Ingredient isolation is especially valuable when a new drug pops up. Carfentanil, for example, is just fentanyl with a few chemical adjustments. A few more adjustments and a new—potentially even more dangerous—version could appear on the street. In 2018, the DEA discovered 22 previously unidentified substances; six of those were new types of fentanyl.

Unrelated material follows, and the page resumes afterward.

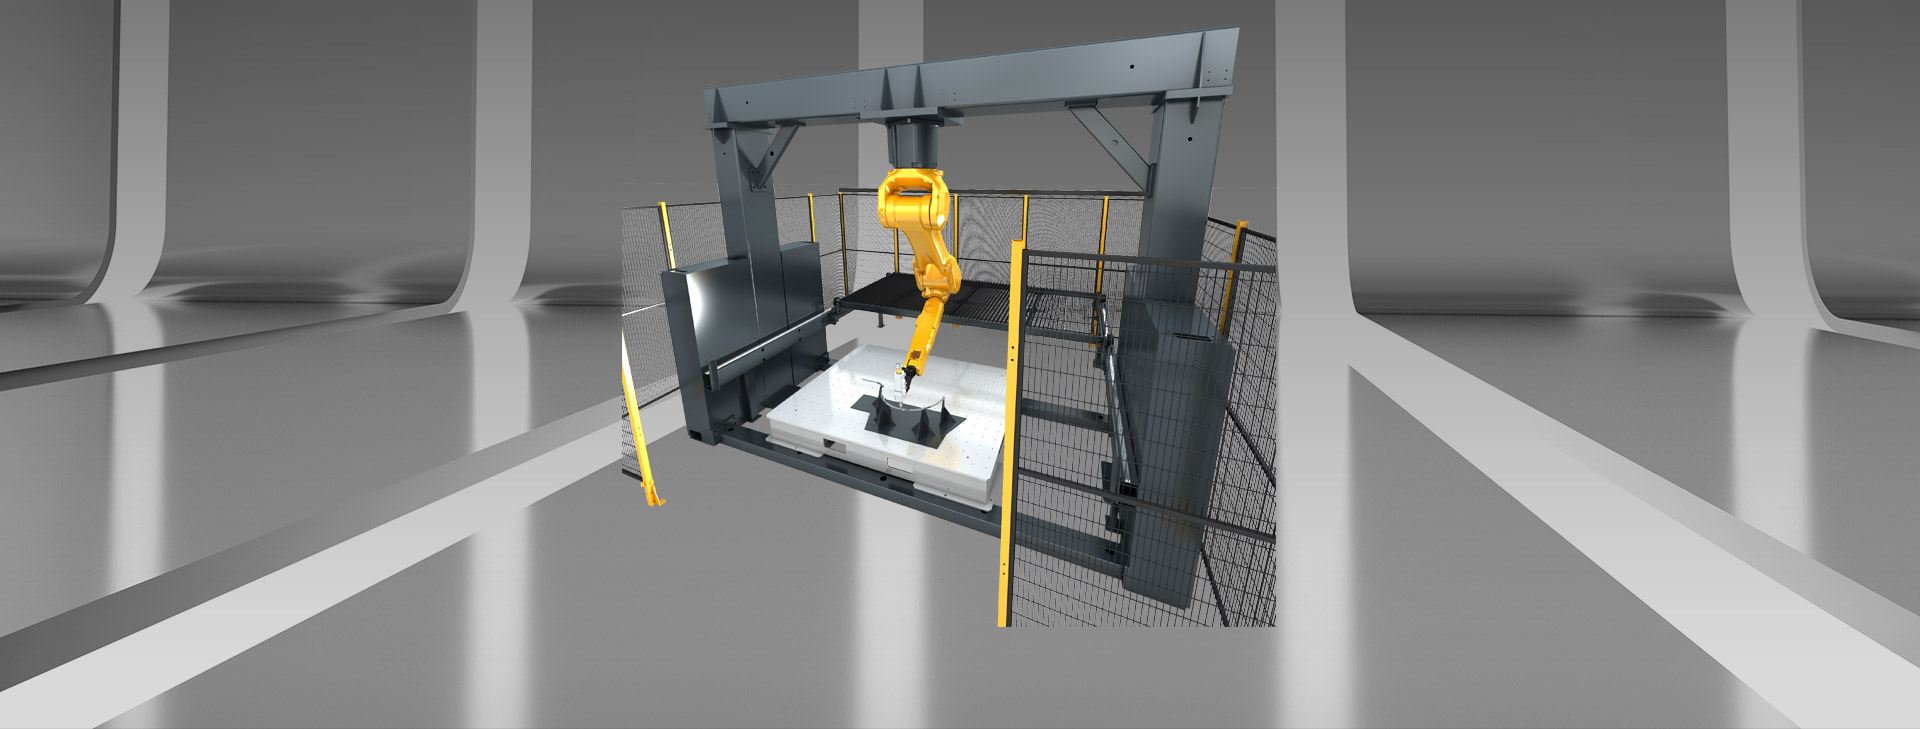 3D робот станок для лазерной резки с козловой структурой

Bozenko said when new drugs come in, backlogs mount. Even in a forensic laboratory outfitted with the best chemical analysis tools, isolating an unidentified powder in a compound takes time. MagLev separates most compounds in just five to 25 minutes. Forensic chemists can then extract each purified cloud with a syringe and use technology as large and expensive as some cars—like nuclear magnetic resonance spectrometers or high-resolution mass spectrometry—to confirm their identities. Still, most local labs can't afford these machines, so the MagLev, which could cost just $30 to $200, depending on the size of the magnets, could be a valuable addition to an analytical arsenal: New versions of fentanyl, for example, would hover in the same general area, betraying a shared chemical foundation. Even without more intense analysis, labs can take important precautions when handling a possible fentanyl analog, which can pose a significant—even lethal—threat to bystanders if handled improperly.

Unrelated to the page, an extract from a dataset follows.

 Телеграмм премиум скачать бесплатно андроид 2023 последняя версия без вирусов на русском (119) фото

"[MagLev] could enable us to identify novel drugs in a faster time period, which does serve the public," Bozenko said. Unidentified substances are, by definition, not illegal. Someone caught dealing an unknown chemical—even one responsible for lethal overdoses—cannot be prosecuted until a forensic chemist determines the powder's chemical structure. MagLev's quick and accurate results could speed the process from seizure to identification, regulation, and prosecution in the United States. In third-world countries where more expensive tools are out of the question, the cheap, power-independent technology could offer a reliable if not their only way to perform forensic chemical analysis.

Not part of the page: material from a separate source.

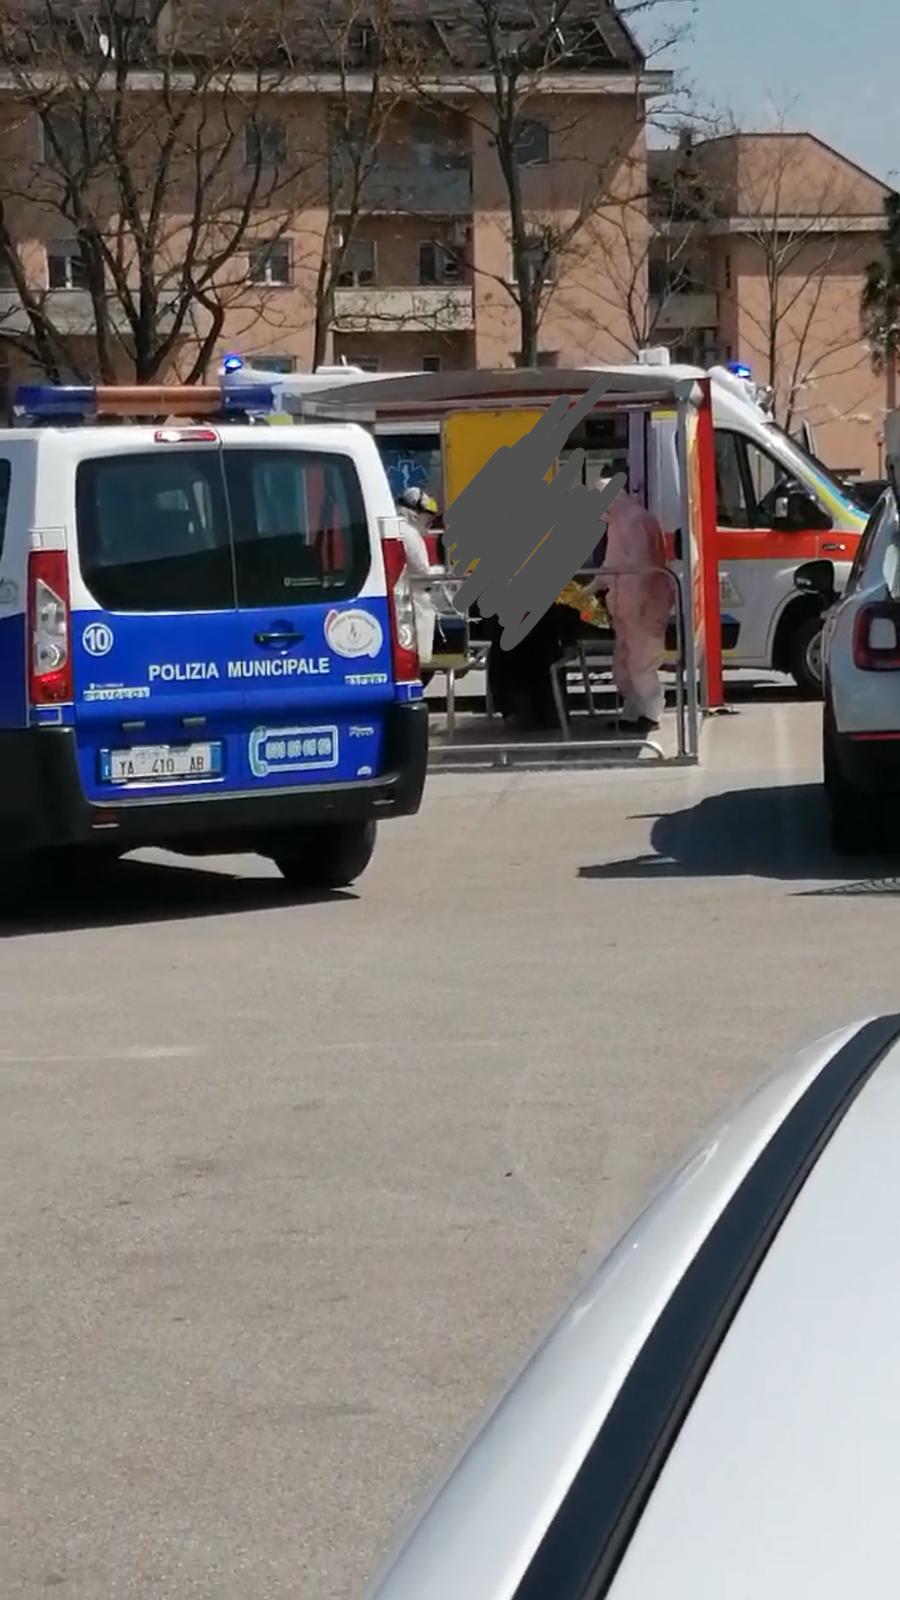 Benevento| Video che ritrae il soccorso in ambulanza , la precisazione della Municipale

Abrahamsson and Bozenko have plans to improve their technology, too. With a few tweaks, an officer could operate a smaller version in the field, mixing a powder into the solution, placing the cuvette between the magnets, and waiting for the separation to occur. Eventually, Bozenko hopes to pair MagLev with a spectrophotometric—or laser-based—tool to confirm the presumptive result on scene.
Last spring, a MagLev could have given Cherubino enough evidence to warn his community faster. But first, the Whitesides lab and the DEA still need collect more data to get MagLev certified for forensic analysis.
"We are looking for funding and partners to support our research and efforts to bring the benefits of MagLev to the analysis of drugs on the streets," Abrahamsson said. "We intend to eventually make MagLev an off-the-shelf product available to our law enforcement officers.
He added: "The biggest reward for the research would be to see it used to save lives."